PURPOSE: To assess usefulness of commonly available lumbar puncture needle for diagnostic purpose of peripheral lung mass lesion.Increasing cases of lung cancer in developing countries demand rapid, reliable and economically viable diagnostic method.

METHODS: Over a period of 12 months at the Respiratory Clinic, 105 patients having clinically and radiologically suspicious malignant lung mass were enrolled in this study. Patients with pneumothorax, bleeding disorders, unstable respiratory or cardiovascular system were excluded so were pediatric age group and un-co-operative patients.

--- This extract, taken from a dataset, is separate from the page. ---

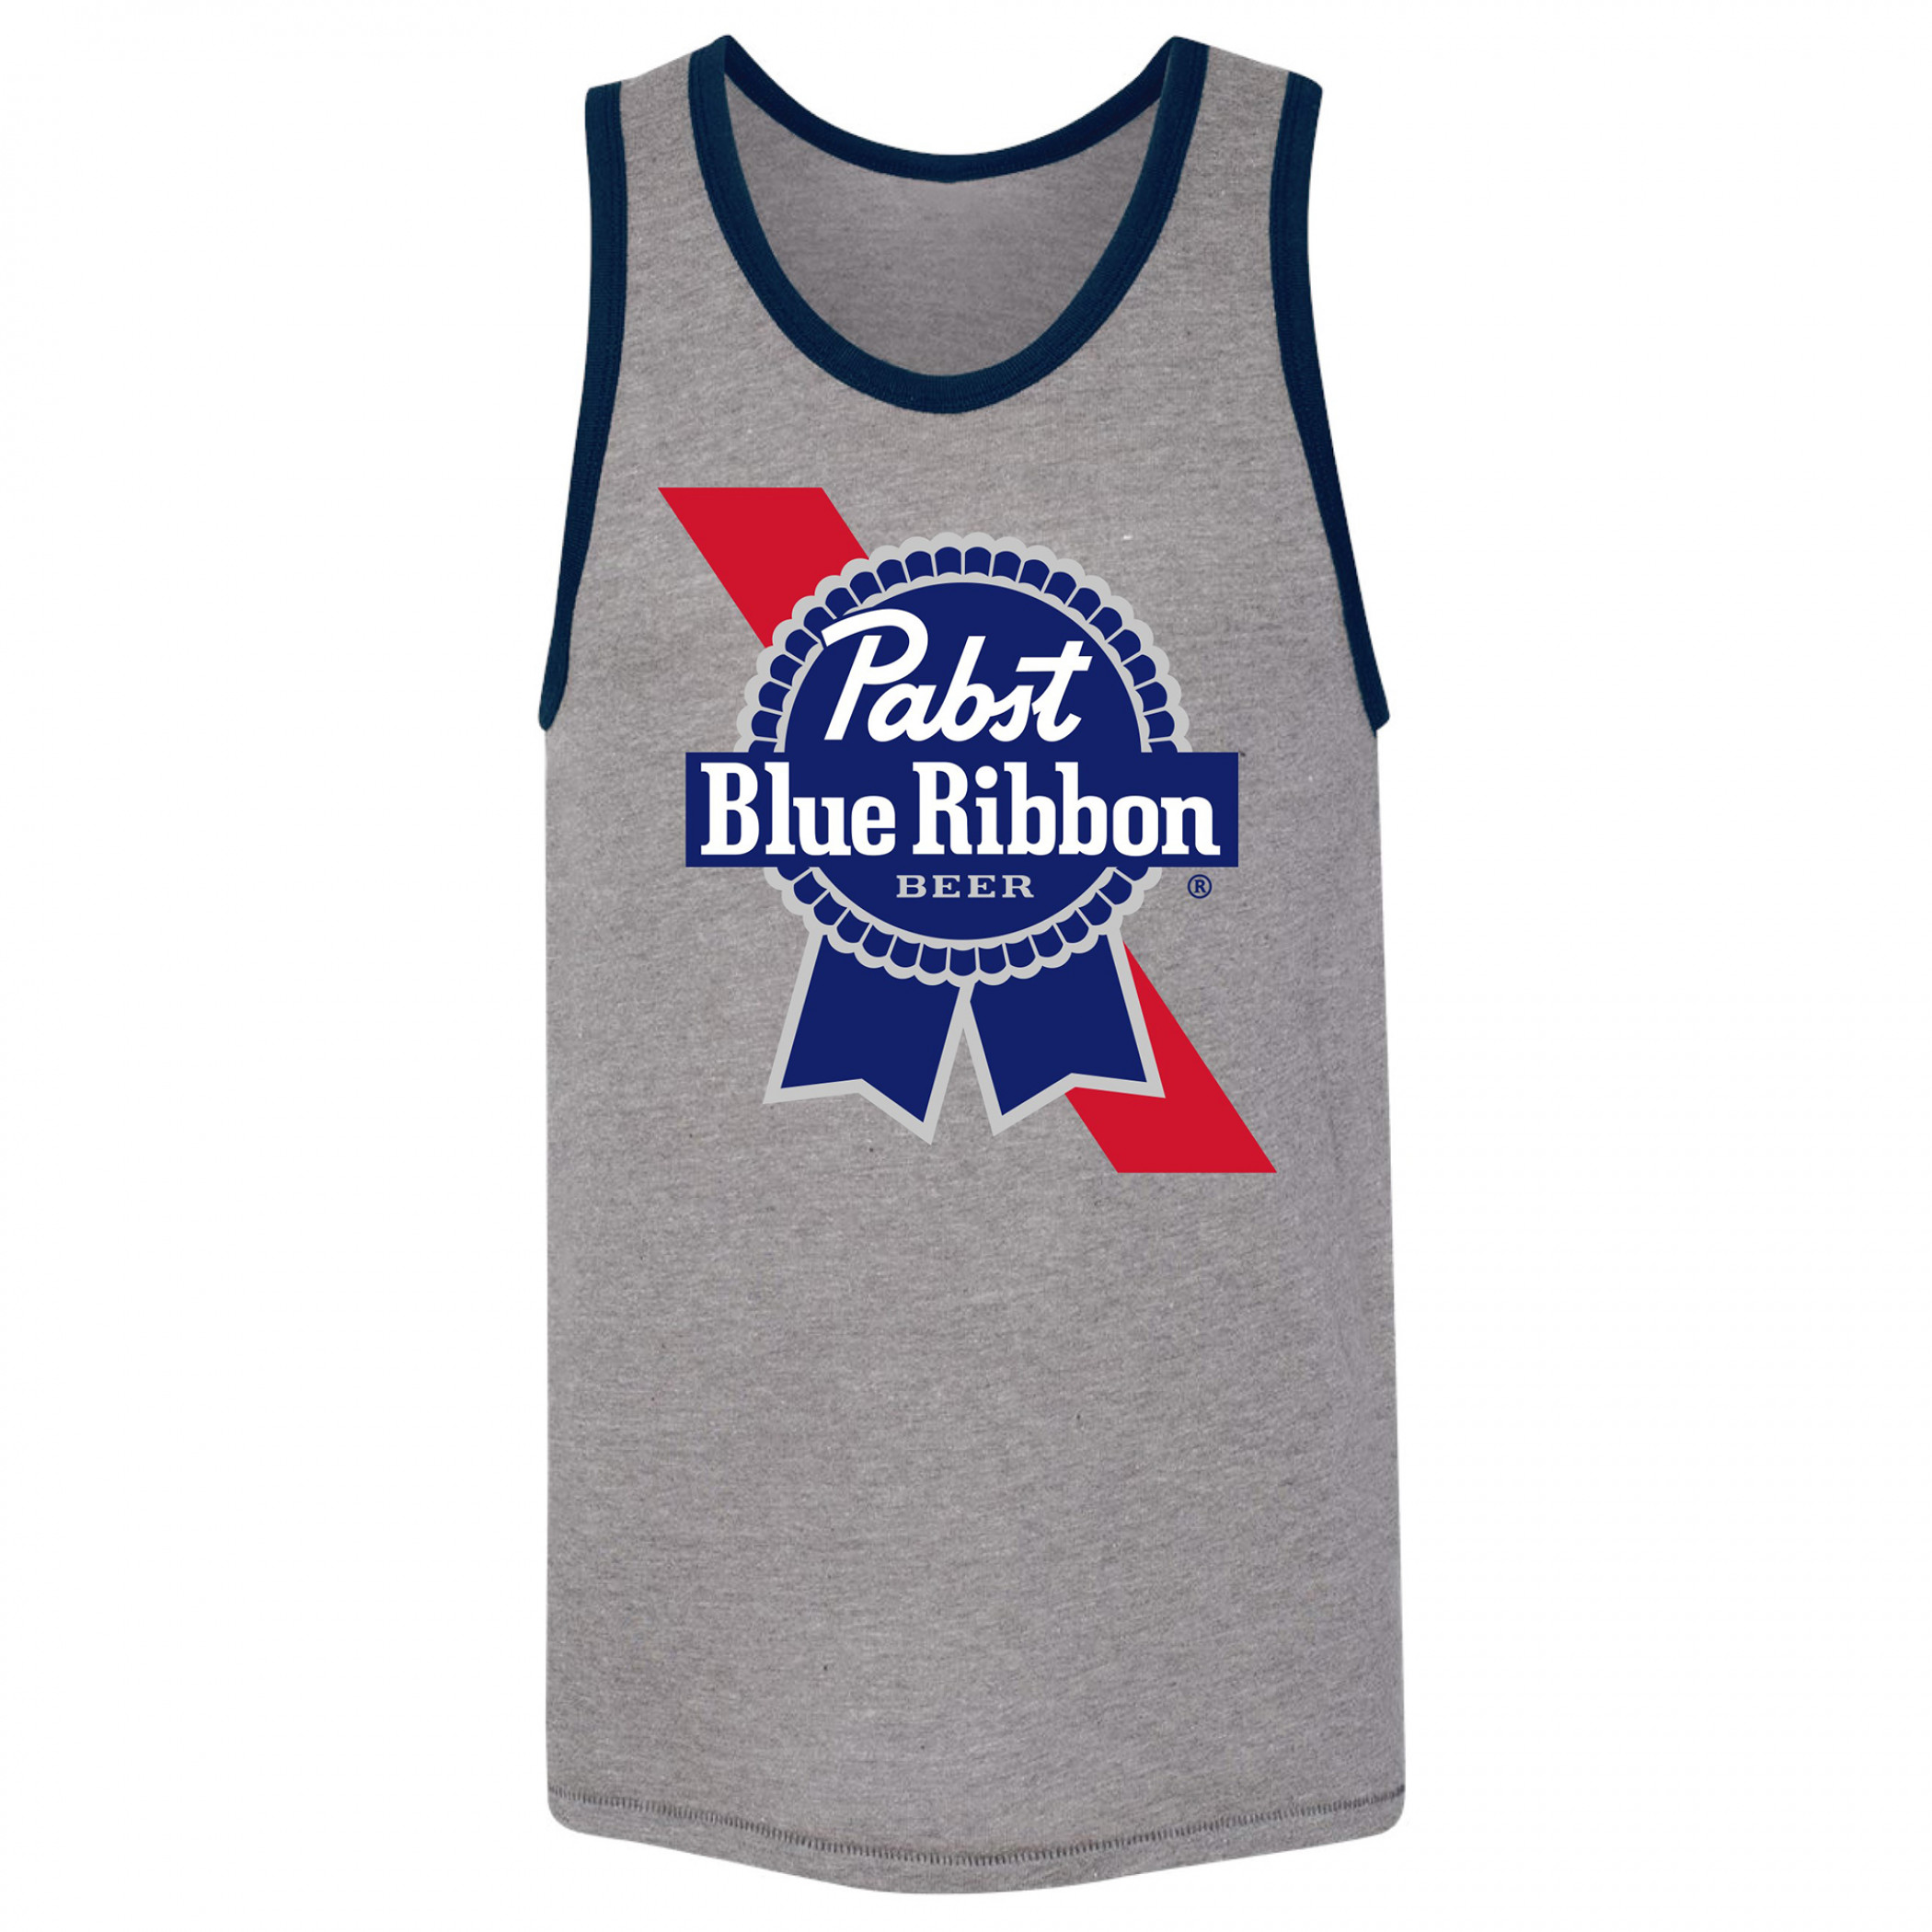 Pabst Blue Ribbon Label & Logo with Blue Trim Grey Tank Top

All 105 patients had the lesion in the outer 1\3 of lung field on PA and lateral chest roentgenogram. Patients were subjected for chest sonography to locate the lesion and TTNA(Trans Thoracic Needle Aspiration) performed with 21gauge lumbar puncture needle under sonographic guidance after detailed explanation and consent for the procedure.

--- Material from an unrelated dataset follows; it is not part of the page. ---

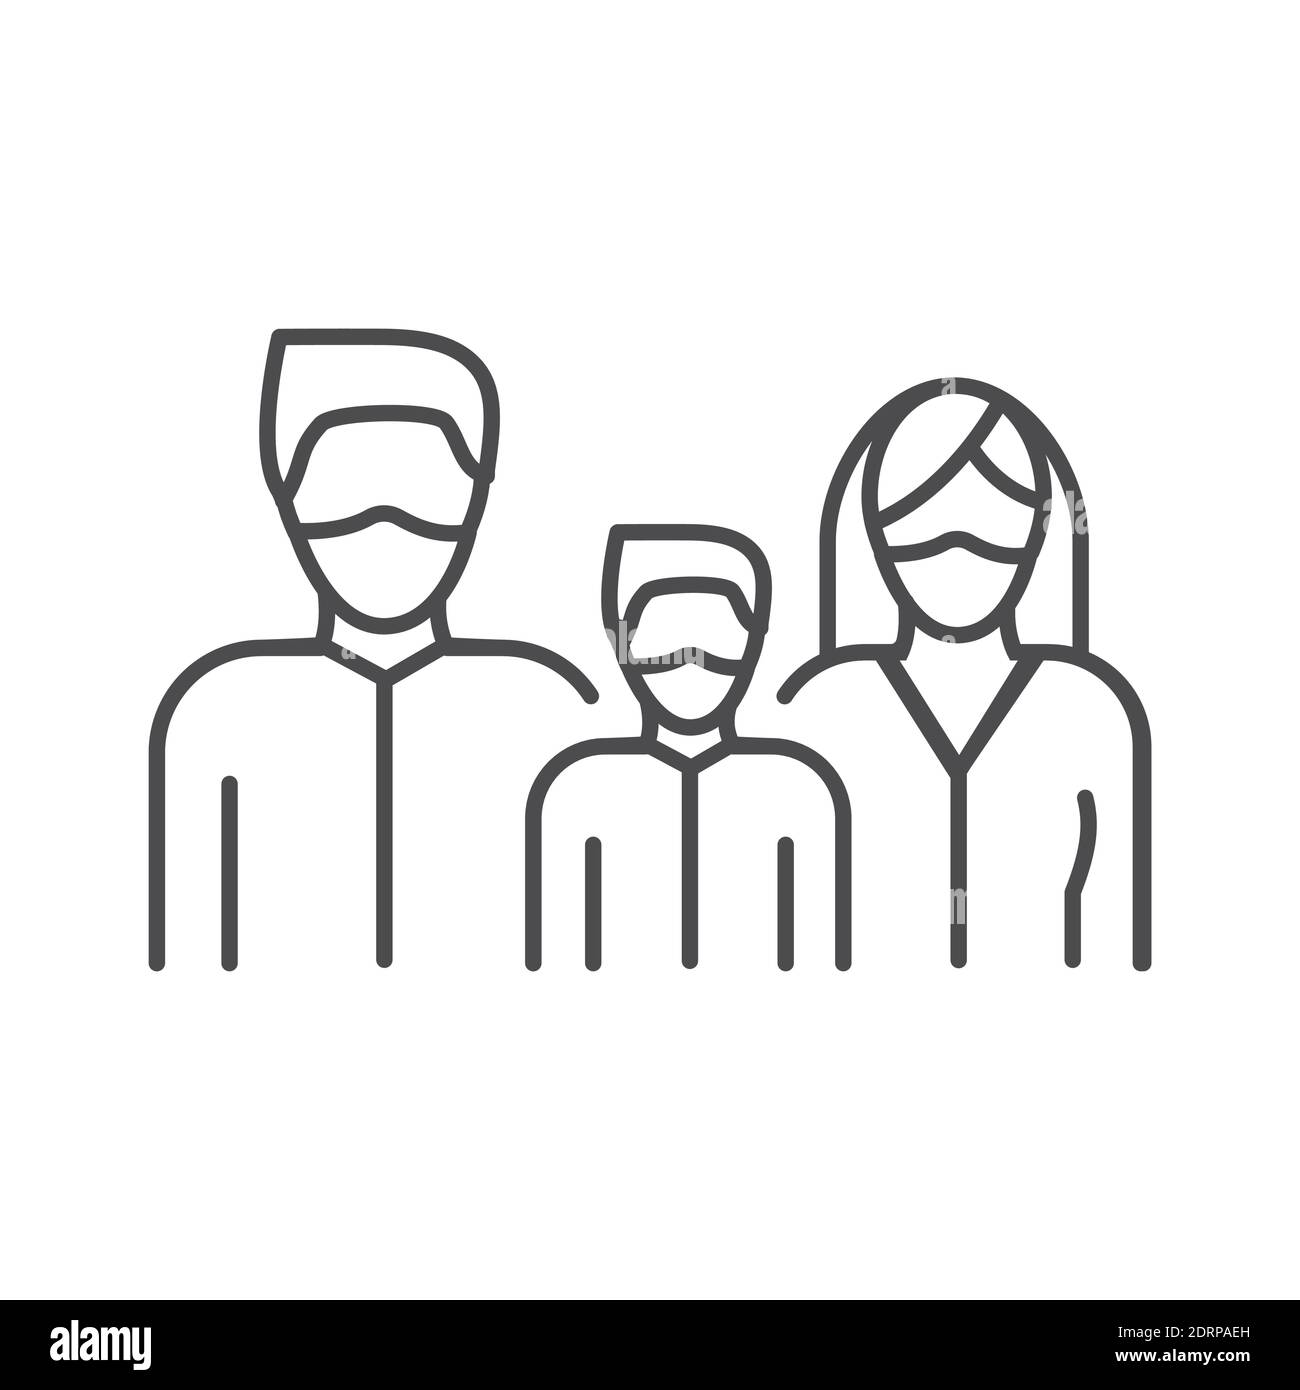 Protection family line color icon. Sign for web page, mobile app, button, logo. Stock Vector

RESULTS: Out of 105 patients, 42(40%) had mass size more than 5cm where as 63(60%) had mass size less than 5cm. About zonal distribution, 52(49.5%), 37(35.23%) and 16(15.27%) patients had mass in upper, middle and lower zones respectively. TTNA smears of 97(92.38%) patients reported as satisfactory and 8(7.62%) were not satisfactory. Out of these 97 patients, 85(87.62%) had carcinoma of lung, 11(11.35%) had inflammatory condition, 1(1.03%) had pleural malignancy. In these 85 patients, 71(83.52%) had a conclusive pathological diagnosis and 14(16.48%) were diagnosed as having malignancy but further typing was not possible. Among these 71 subjects, 39(54.93%) had squamous cell carcinoma, 21(29.57%)adenocarcinoma, 8(11.27%)small cell carcinoma and 3(4.23%)large cell carcinoma.Tissue specific diagnostic yield of procedure for malignant lesion was 67.61%. 5 patients suffered complications of the procedure - 2 small pneumothorax and 3 had trivial haemoptysis not needing extra intervention. No procedure related mortality observed.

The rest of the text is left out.